The Campaign for Free College Tuition (CFCT) is a non-profit bi-partisan coalition of individuals and groups who believe today's economy requires the country to make higher education affordable for everyone if we are going to have a workforce with the skills needed for us to compete in the global marketplace. Established as a 501c3 non-profit in 2014, CFCT has been at the forefront of the free college tuition movement since its inception.
CFCT evolved from discussions that started in 2013 among a group of former elected officials and policy experts who wanted to make another contribution to America’s future. As we were coming of age, we were forcefully reminded by John F. Kennedy that the responsibility of being born into such a privileged period is a requirement to give back and we saw CFCT as perhaps our last, best chance to respond to his call.
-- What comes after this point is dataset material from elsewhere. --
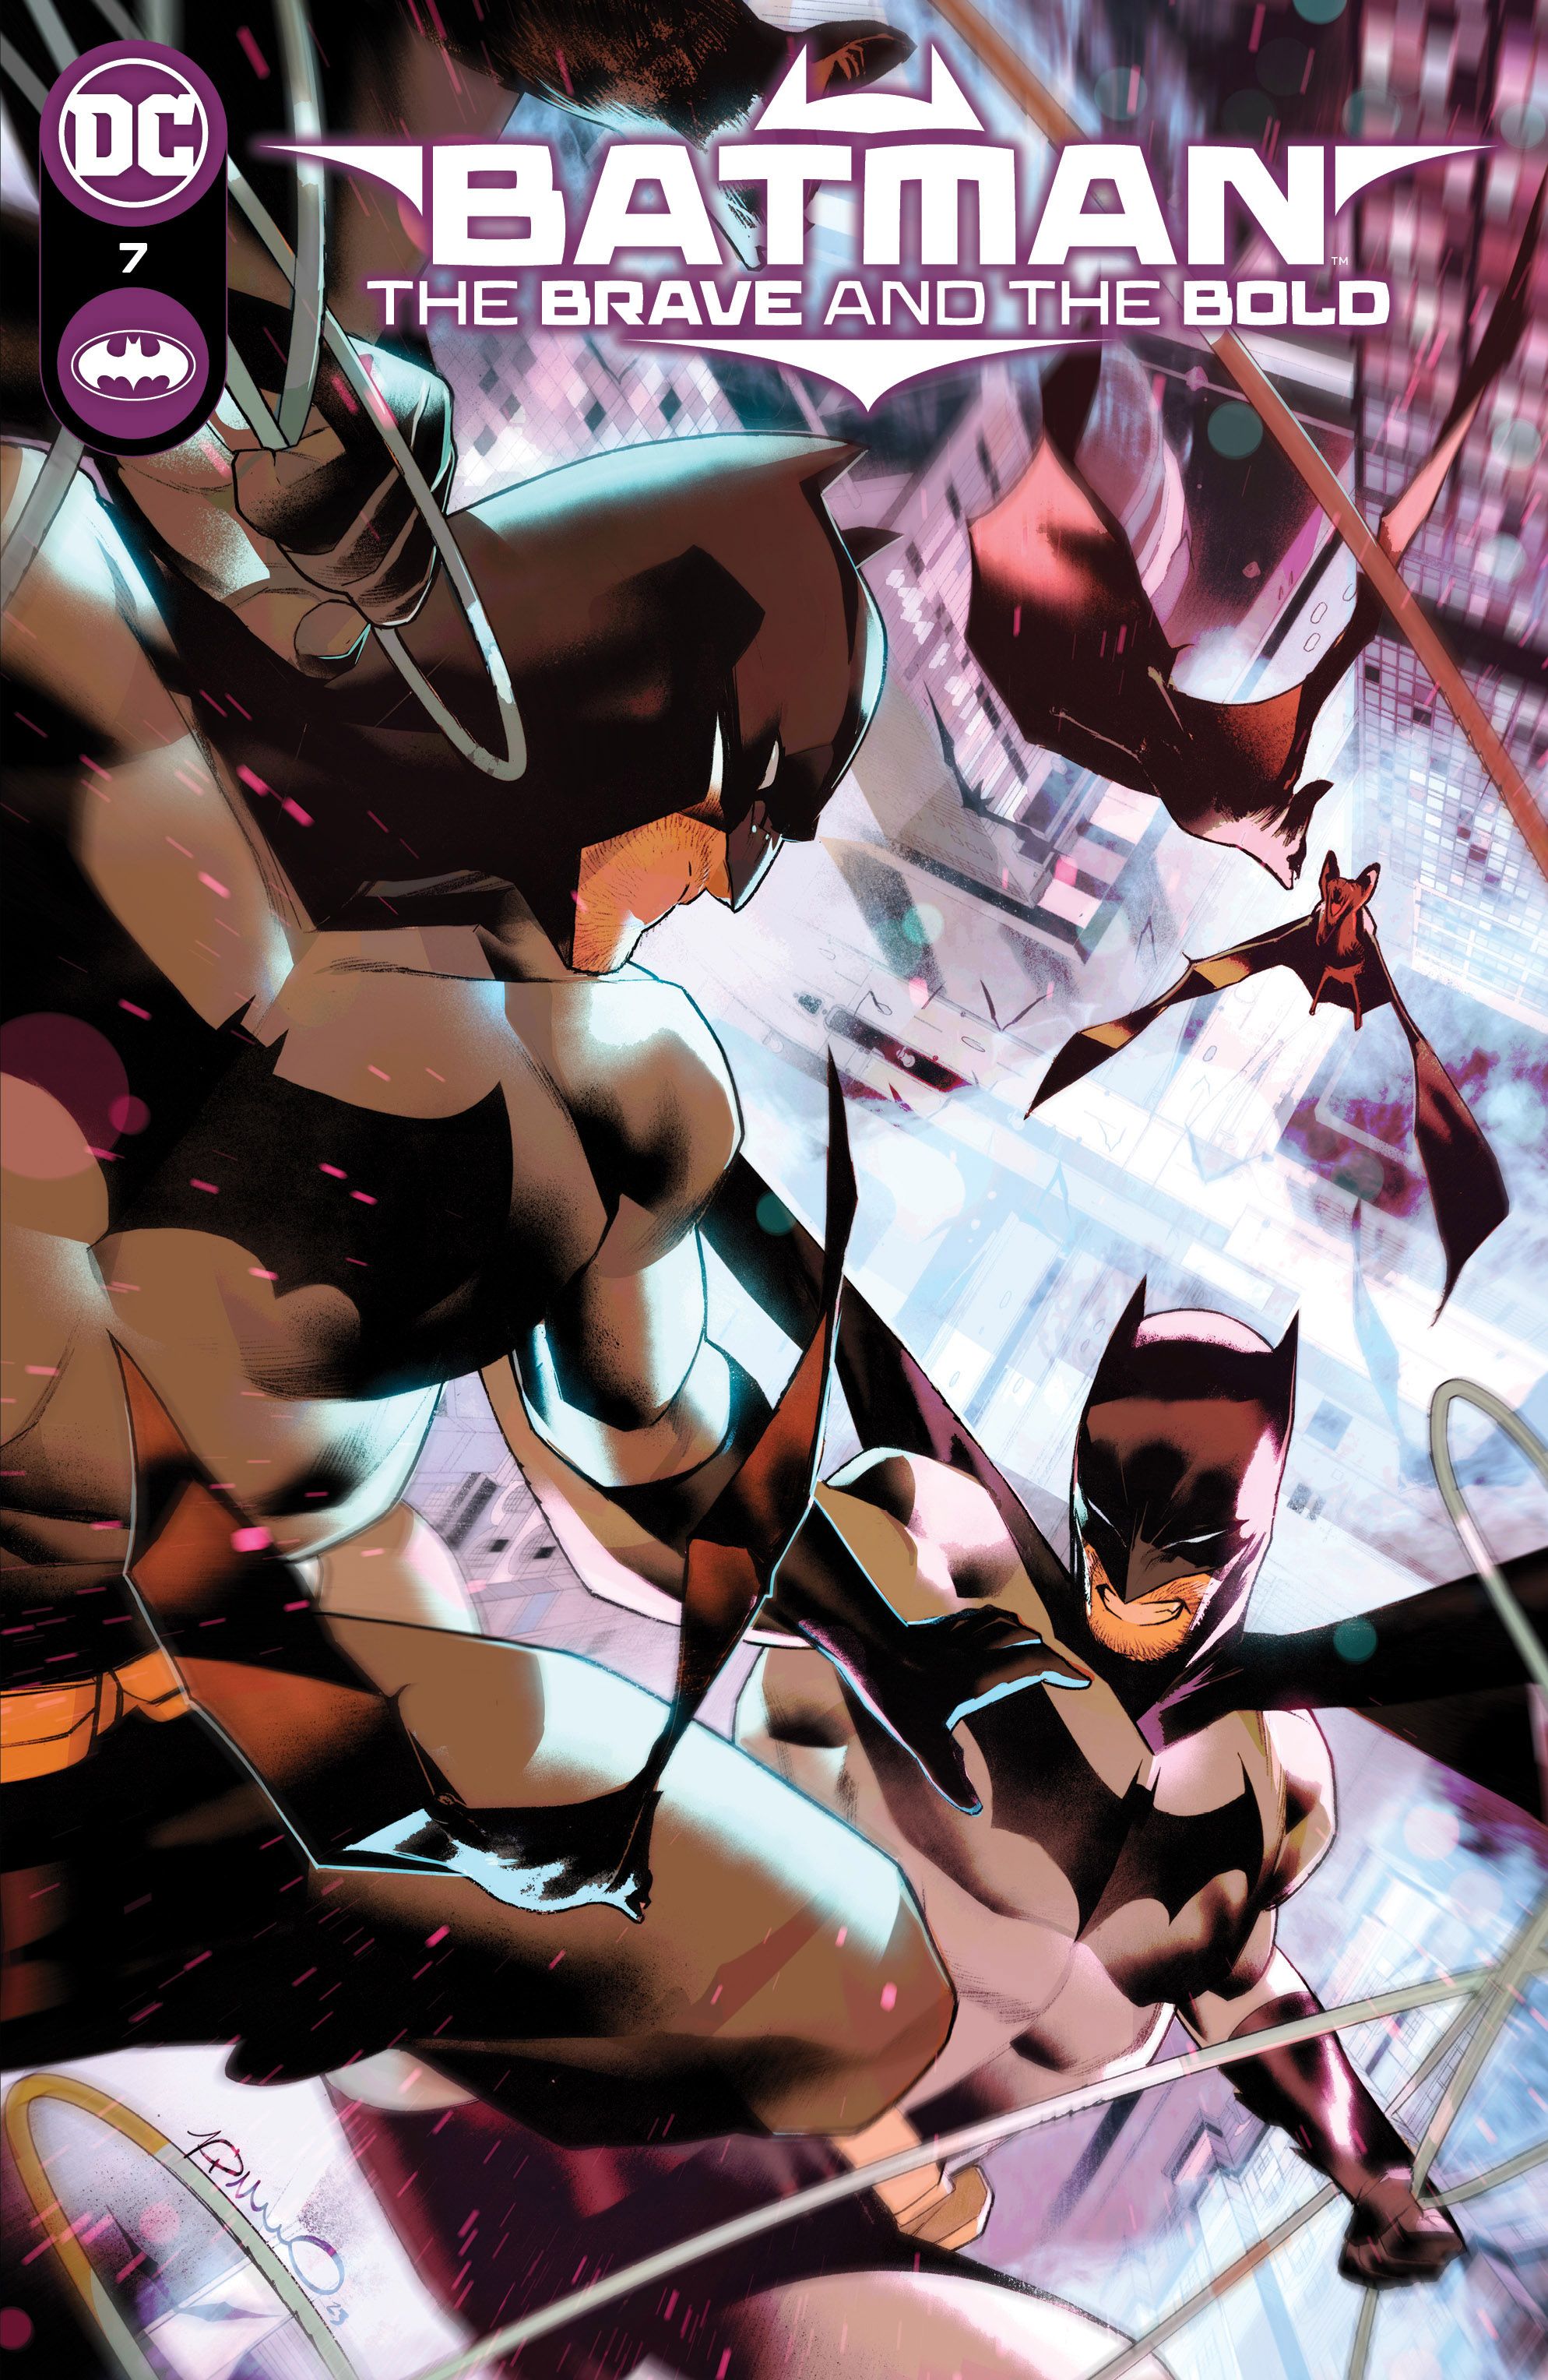 Batman: The Brave and the Bold #7 Comic

The discussions grew to include academicians, Millennial groups and business leaders who were interested in finding the best way to address the challenges of college access, affordability, and attainability.
At the end of our discussions, we made a mutual commitment to create a national public policy that eliminates cost as a barrier to attaining such an education for every American who is academically ready and personally determined to earn a post-secondary degree or certificate. We do not plan to do this alone. A partnership with tomorrow’s leaders and workers, our children and grandchildren, must be forged to convince our elected officials to make the needed changes.
We believe that it is time for older Americans to provide younger generations with many of the same possibilities we enjoyed by fundamentally reforming our nation’s system for financing higher education. The growing divide between family income and higher education cost increases have made the current system unworkable. Without fundamental changes the problems will get even worse.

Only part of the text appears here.